Mice. The quadruple homozygote floxed mice for RIM1αβ (Kaeser et al., 2008) (RRID: IMSR_JAX:015832), RIM2αβγ (Kaeser et al., 2011) (RRID: IMSR_JAX:015833), ELKS1α (Liu et al., 2014) (RRID: IMSR_JAX:015830) and ELKS2a (Kaeser et al., 2009) (RRID: IMSR_JAX:015831) were previously described (Wang et al., 2016). All animal experiments were performed according to institutional guidelines at Harvard University.
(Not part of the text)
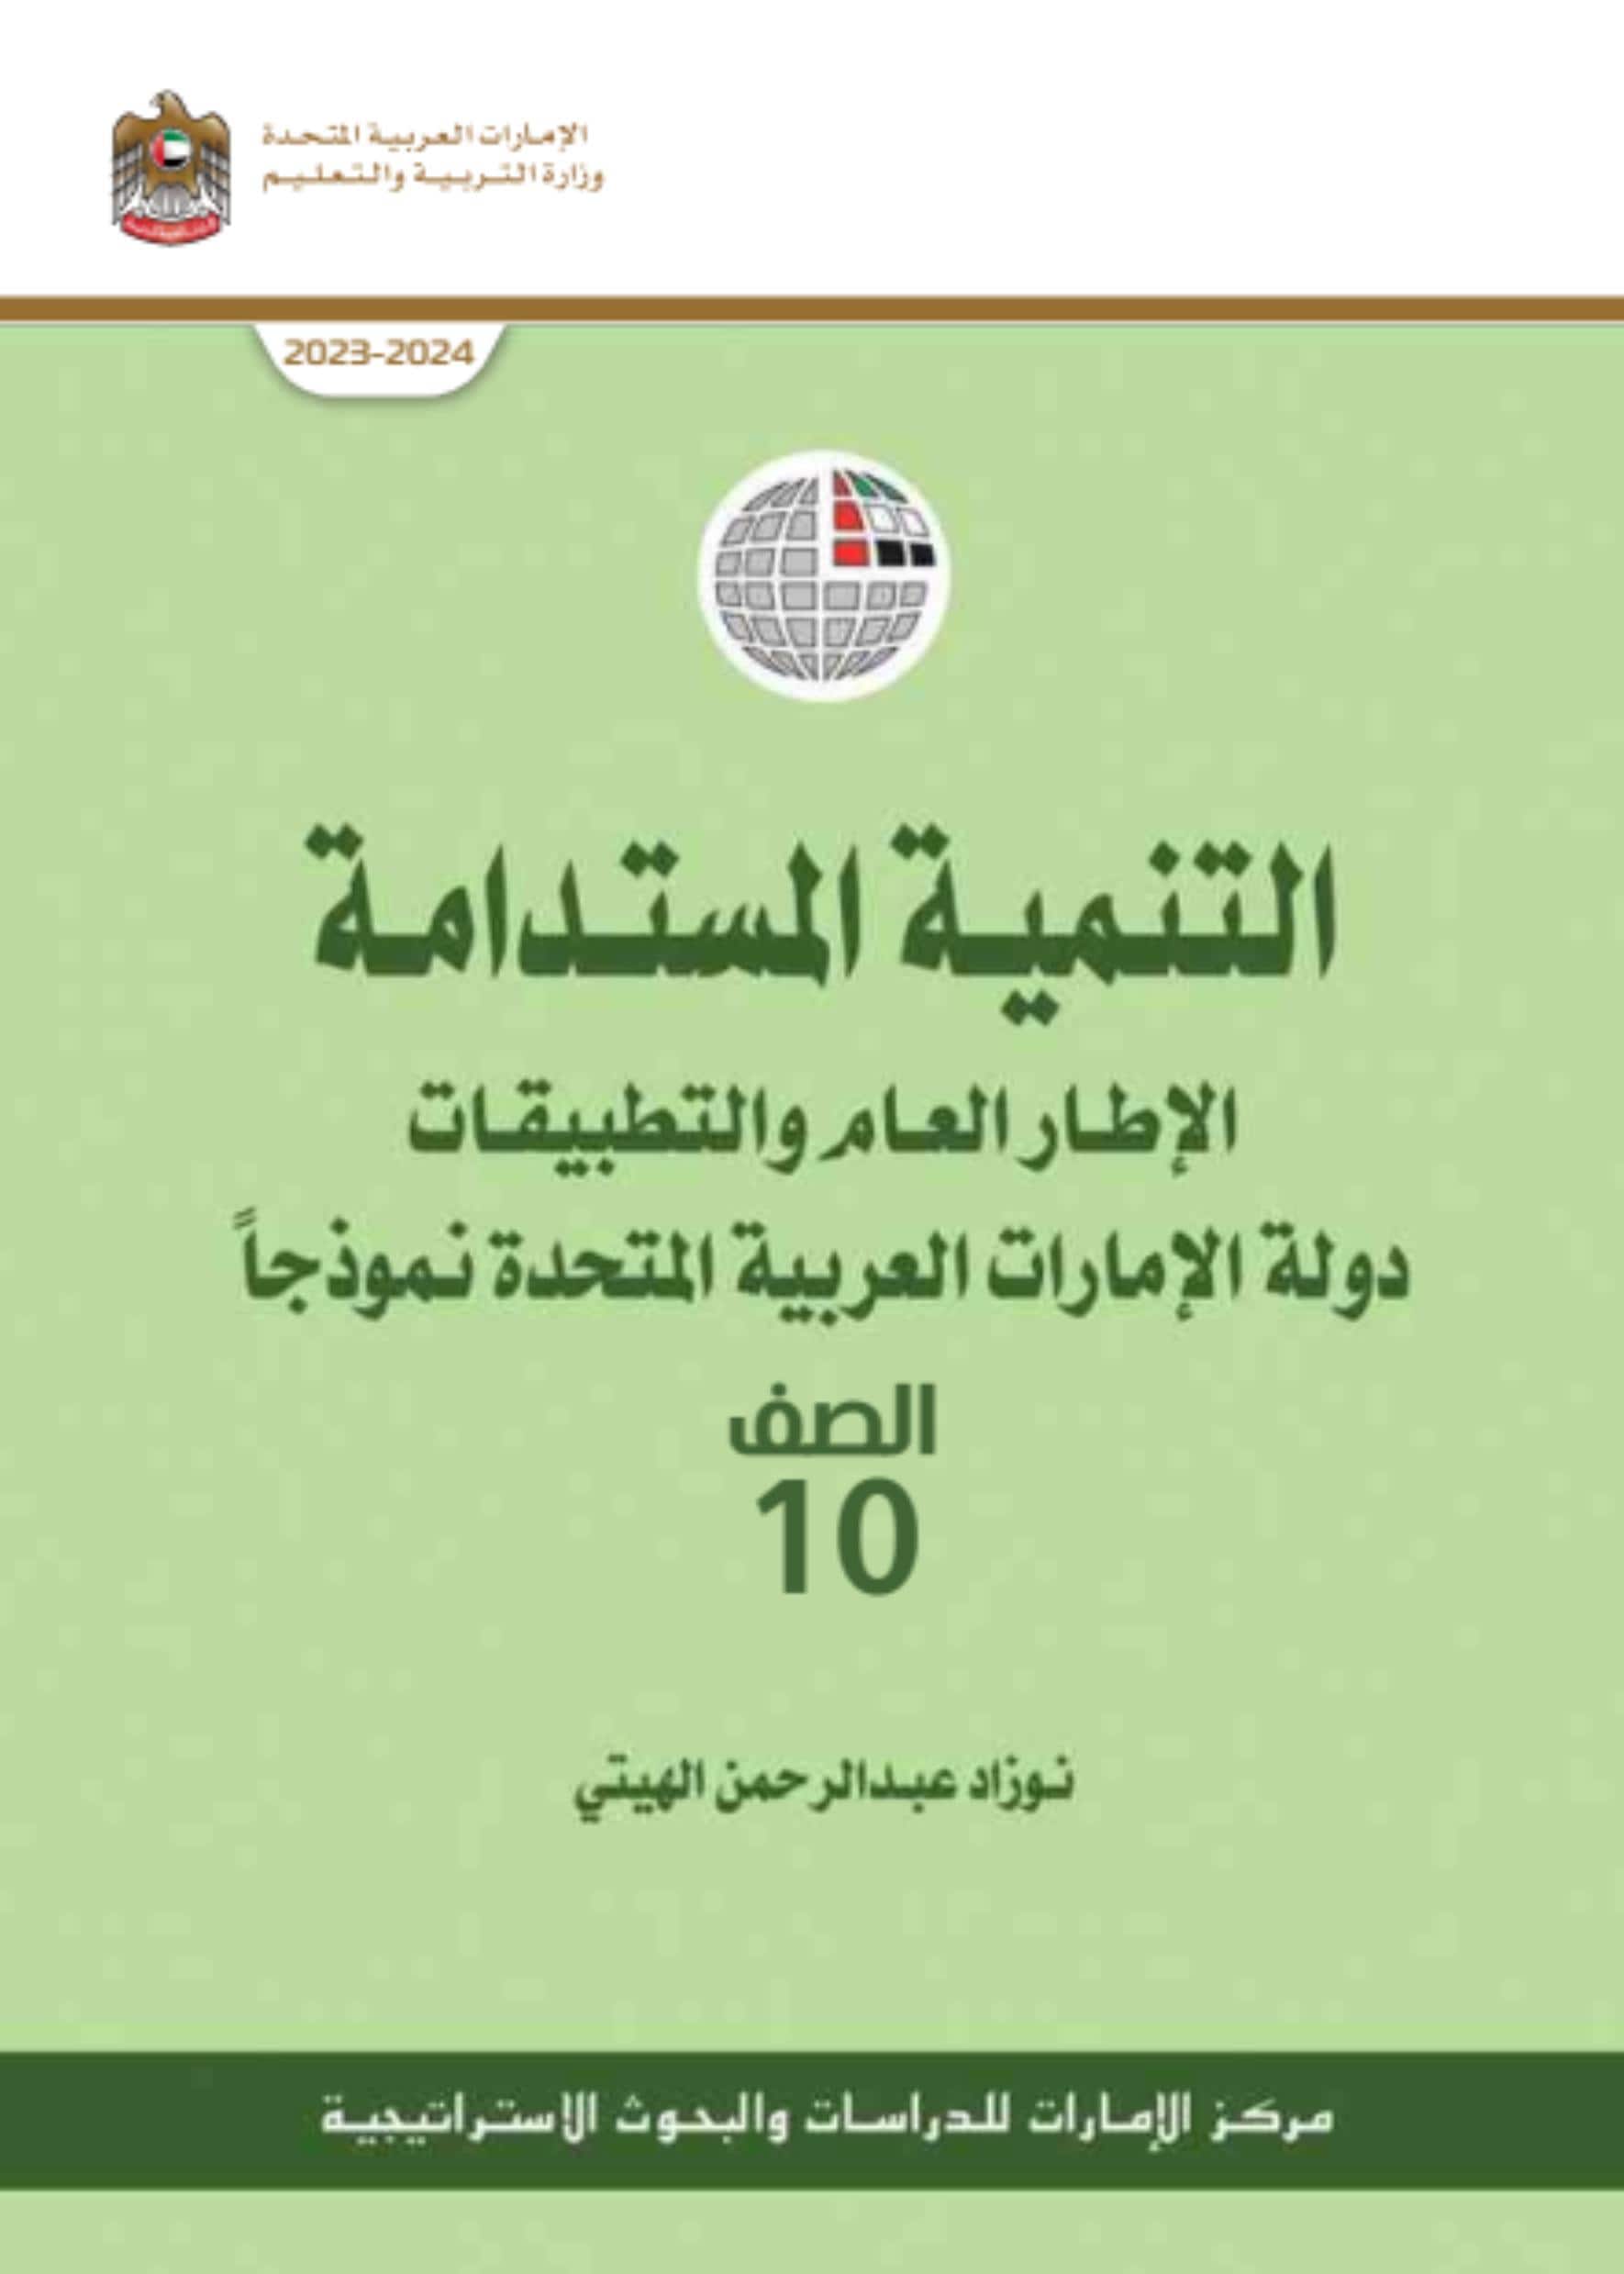 كتاب التنمية المستدامة الدراسات الإجتماعية والتربية الوطنية الصف العاشر الفصل الدراسي الثاني 2023-2024

Cell culture and lentiviral infection. Primary mouse hippocampal cultures were generated from newborn conditional quadruple floxed pups as described before (Held et al., 2020; Wang et al., 2016). Mice were anesthetized on ice slurry within 24 h after birth and the hippocampus was dissected out. Cells were dissociated and plated onto glass coverslips in tissue culture medium composed of Minimum Essential Medium (MEM) with 0.5% glucose, 0.02% NaHCO3, 0.1 mg/mL transferrin, 10% Fetal Select bovine serum (Atlas Biologicals FS-0500-AD), 2 mM L-glutamine, and 25 μg/mL insulin. Cultures were maintained in a 37° C.-tissue culture incubator, and after ˜24 h the plating medium was exchanged with growth medium composed of MEM with 0.5% glucose, 0.02% NaHCO3, 0.1 mg/mL transferrin, 5% Fetal Select bovine serum (Atlas Biologicals FS-0500-AD), 2% B-27 supplement (Thermo Fisher 17504044), and 0.5 mM L-glutamine. At DIV3 or DIV4, depending on growth, 50% or 75% of the medium were exchanged with growth medium supplemented with 4 μM Cytosine β-D-arabinofuranoside (AraC) to inhibit glial cell growth. Lentiviruses expressing EGFP-tagged cre recombinase (to generate cKOR+E neurons, made using pFSW EGFP cre) or a truncated, enzymatically inactive EGFP-tagged cre protein (to generate controlR+E neurons, made using pFSW EGFP Acre) were produced in HEK293T cells by Ca2+-phosphate transfection. Expression in lentiviral constructs was driven by the human Synapsin promoter to restrict expression to neurons (Liu et al., 2014; Wang et al., 2016) except for the RIM1αhigh condition (which was done using FUGW-RIM1α with a ubiquitin promoter). For cre-expressing and control virus, neurons were infected with HEK cell supernatant at DIV5 as described (Liu et al., 2014; Wang et al., 2016). For rescue with the various protein variants (ELKS1αB, ELKS2αB, RIM1α, RIM1 mutants, CaVβ4, β4-Zn and other RIM1-Zn fusion constructs), neurons were infected with rescue virus at DIV3 (a virus made using pFSW without a cDNA inserted in the multiple cloning site was used in the control conditions instead of a rescue virus) and with cre or Acre virus at DIV5. Analyses were performed at DIV15-19.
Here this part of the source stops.